**Exercise aim:**
The answer must be the full listing, repeated exactly.

**Data excerpts:**
***
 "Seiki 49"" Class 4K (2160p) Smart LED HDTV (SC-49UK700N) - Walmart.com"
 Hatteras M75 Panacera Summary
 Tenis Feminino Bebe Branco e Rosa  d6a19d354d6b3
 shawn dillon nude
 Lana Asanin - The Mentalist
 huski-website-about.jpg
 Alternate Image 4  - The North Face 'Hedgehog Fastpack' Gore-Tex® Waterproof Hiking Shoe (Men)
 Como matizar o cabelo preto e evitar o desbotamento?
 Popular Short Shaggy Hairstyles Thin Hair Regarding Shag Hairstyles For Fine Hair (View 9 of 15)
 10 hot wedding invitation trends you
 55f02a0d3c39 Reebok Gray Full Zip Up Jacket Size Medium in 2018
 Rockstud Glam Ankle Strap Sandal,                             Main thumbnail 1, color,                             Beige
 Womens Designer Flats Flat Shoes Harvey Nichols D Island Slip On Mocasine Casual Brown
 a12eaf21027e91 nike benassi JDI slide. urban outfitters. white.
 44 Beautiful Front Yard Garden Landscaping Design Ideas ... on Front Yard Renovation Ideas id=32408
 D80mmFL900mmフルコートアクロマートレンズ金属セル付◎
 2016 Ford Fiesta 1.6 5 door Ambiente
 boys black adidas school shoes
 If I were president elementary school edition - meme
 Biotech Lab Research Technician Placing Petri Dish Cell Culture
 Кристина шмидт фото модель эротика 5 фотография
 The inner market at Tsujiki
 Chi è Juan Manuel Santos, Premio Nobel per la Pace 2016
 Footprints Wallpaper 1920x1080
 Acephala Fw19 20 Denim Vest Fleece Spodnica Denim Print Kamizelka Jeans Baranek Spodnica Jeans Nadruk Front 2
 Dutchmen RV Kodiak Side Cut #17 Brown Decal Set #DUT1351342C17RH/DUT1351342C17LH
***
**Output below:**
 "Seiki 49"" Class 4K (2160p) Smart LED HDTV (SC-49UK700N) - Walmart.com"
 Hatteras M75 Panacera Summary
 Tenis Feminino Bebe Branco e Rosa  d6a19d354d6b3
 shawn dillon nude
 Lana Asanin - The Mentalist
 huski-website-about.jpg
 Alternate Image 4  - The North Face 'Hedgehog Fastpack' Gore-Tex® Waterproof Hiking Shoe (Men)
 Como matizar o cabelo preto e evitar o desbotamento?
 Popular Short Shaggy Hairstyles Thin Hair Regarding Shag Hairstyles For Fine Hair (View 9 of 15)
 10 hot wedding invitation trends you
 55f02a0d3c39 Reebok Gray Full Zip Up Jacket Size Medium in 2018
 Rockstud Glam Ankle Strap Sandal,                             Main thumbnail 1, color,                             Beige
 Womens Designer Flats Flat Shoes Harvey Nichols D Island Slip On Mocasine Casual Brown
 a12eaf21027e91 nike benassi JDI slide. urban outfitters. white.
 44 Beautiful Front Yard Garden Landscaping Design Ideas ... on Front Yard Renovation Ideas id=32408
 D80mmFL900mmフルコートアクロマートレンズ金属セル付◎
 2016 Ford Fiesta 1.6 5 door Ambiente
 boys black adidas school shoes
 If I were president elementary school edition - meme
 Biotech Lab Research Technician Placing Petri Dish Cell Culture
 Кристина шмидт фото модель эротика 5 фотография
 The inner market at Tsujiki
 Chi è Juan Manuel Santos, Premio Nobel per la Pace 2016
 Footprints Wallpaper 1920x1080
 Acephala Fw19 20 Denim Vest Fleece Spodnica Denim Print Kamizelka Jeans Baranek Spodnica Jeans Nadruk Front 2
 Dutchmen RV Kodiak Side Cut #17 Brown Decal Set #DUT1351342C17RH/DUT1351342C17LH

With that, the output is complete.